片山 当社の売上比率を見れば、6割が個人向けです。企業向けのパソコンは単価が下がっているため、金額で見ると個人の比率が高くなってしまいます。個人向けで成功するには、N:斬新な商品(ニューカテゴリー)、E:娯楽性(エンタテインメント)、C:通信(コミュニケーション)の3つの要素が欠かせません。われわれは、これを「NEC」と言っているのですが、NとEではソニーが一人勝ちしています。Cは、当社の得意分野です。中国に生産を委託し、国内で手が空いた人員を集め、これから伸びる分野の研究開発に集約させます。これから伸びる分野とは、ホームサーバーやモバイルなどです。ブロードバンド回線を使い、音楽や映像が家庭のホームサーバーに降りてくる仕組みが将来必ず登場します。

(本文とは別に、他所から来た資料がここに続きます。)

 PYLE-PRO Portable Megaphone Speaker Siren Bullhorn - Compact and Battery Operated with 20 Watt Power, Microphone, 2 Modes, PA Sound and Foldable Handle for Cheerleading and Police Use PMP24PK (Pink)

この通信分野は、当社が得意とする分野でもあり、各種セキュリティも併せて研究開発に力を入れます。もう1つ、収益の柱を打ち立てます。受託生産(OEM)です。当社は、D:設計(デザイン)、M:製造(マニュファクチャリング)、S:サービスの3機能をもっています。ホームサーバーには通信セキュリティが欠かせないわけですが、ひょっとすれば将来、ソニーや松下電器産業のホームサーバーを当社が製造しているかもしれません。すでにさまざまな顧客から「設計や製造を委託できないか」という問い合わせが来ています。3年後には売り上げ、利益ともに、全体の20%をOEMで稼ぎ出す計画です。残り8割は、パソコンの製造販売です。法人向けが40%、個人向けが40%を想定しています。どこかの分野に偏るのではなく、バランスがいい収益構造にします。
――デルへの対抗策は。
片山 中堅・中小企業向けのパソコンは、営業部門をもつNECカスタマックス任せではダメです。当社も、ビッグローブや121ウェアなどウェブを通じて、デル型の企業向け受注生産販売に力を入れます。デルのように認知度を高めるには、時間と体力が必要ですが、ウェブをうまく使って販売力を高めます。一方で、中小企業向けの販売に強い専門商社と組むことも視野に入れています。昨年10月の当社設立以来、構造改革を進めています。この効果は製品やサービスとして、外に見える形で出します。製品は今年の秋冬モデルから、ぼちぼちと従来にはない製品を出します。併せて、製造経費の削減や24時間故障電話相談などのサービスを拡充することで、ソニーやデルに一方的にやられるのではなく、近いうち反撃できると確信しています。
眼光紙背 ~取材を終えて~
「我々は王者ソニーに対する挑戦者である」かつて圧倒的なシェアを誇ったNECの経歴に驕ることなく、謙虚に1から出直す。「今、売れているのは一体型パソコンのバイオW。しかしNECは、1999年の段階でバイオWに決して劣らないシンプレムを出した。だが、バイオWが16万円なのに対し、シンプレムは30万円。製造部門の力が強く、新しい市場を創り出すという戦略的な発想が足りなかった」と振り返る。新カテゴリー製品は思い切った価格を打ち出し、既存の売れ筋は付加価値をつけて収益性を高める――。ソニーの常套手段は、マーケティングの発想だ。工場のコスト積算型の発想ではない。「すでに手は打った。挑戦者として市場創造の一端を担う」(寶)
プロフィール
片山 徹
(かたやま とおる)1945年3月、東京生まれ。67年、早稲田大学理工学部卒業。同年、NEC入社。87年、交換事業部事業計画室長。90年、交換事業部事業部長代理。93年、天津日電電子通信工業有限公司社長。97年、交換移動通信事業本部中国事業統括。98年、米沢日本電気社長。01年7月、NECカスタムテクニカ社長。
会社紹介
今年度(2002年3月期)、NECはパソコン事業で200億円を超す赤字を計上する。パソコンの販売低迷と構造改革費(リストラ費)を合わせた損失額だ。片山社長は、「3年後には200億円を埋めて余りある利益を出す」と意気込む。まずは顧客満足度を高めるため、昨年12月からパソコン購入相談を中心としたコールセンターを24時間運営に切り替えた。今年10月には、不具合や故障診断を受け付ける電話窓口を群馬事業場に開設し、同事業場でのパソコン製造を止める。群馬での生産分は中国の提携工場と、国内の米沢事業場に振り替える。コールセンターは「121ウェア」の総称で提供。現在の人員は、外注分も含めて550人。拠点は大森本社、大阪、沖縄の3か所。今年10月からは、これまで分かれていた購入相談と修理受付の電話番号を統一する。修理受付は、群馬事業場内に開設する修理拠点へと自動的に振り分ける。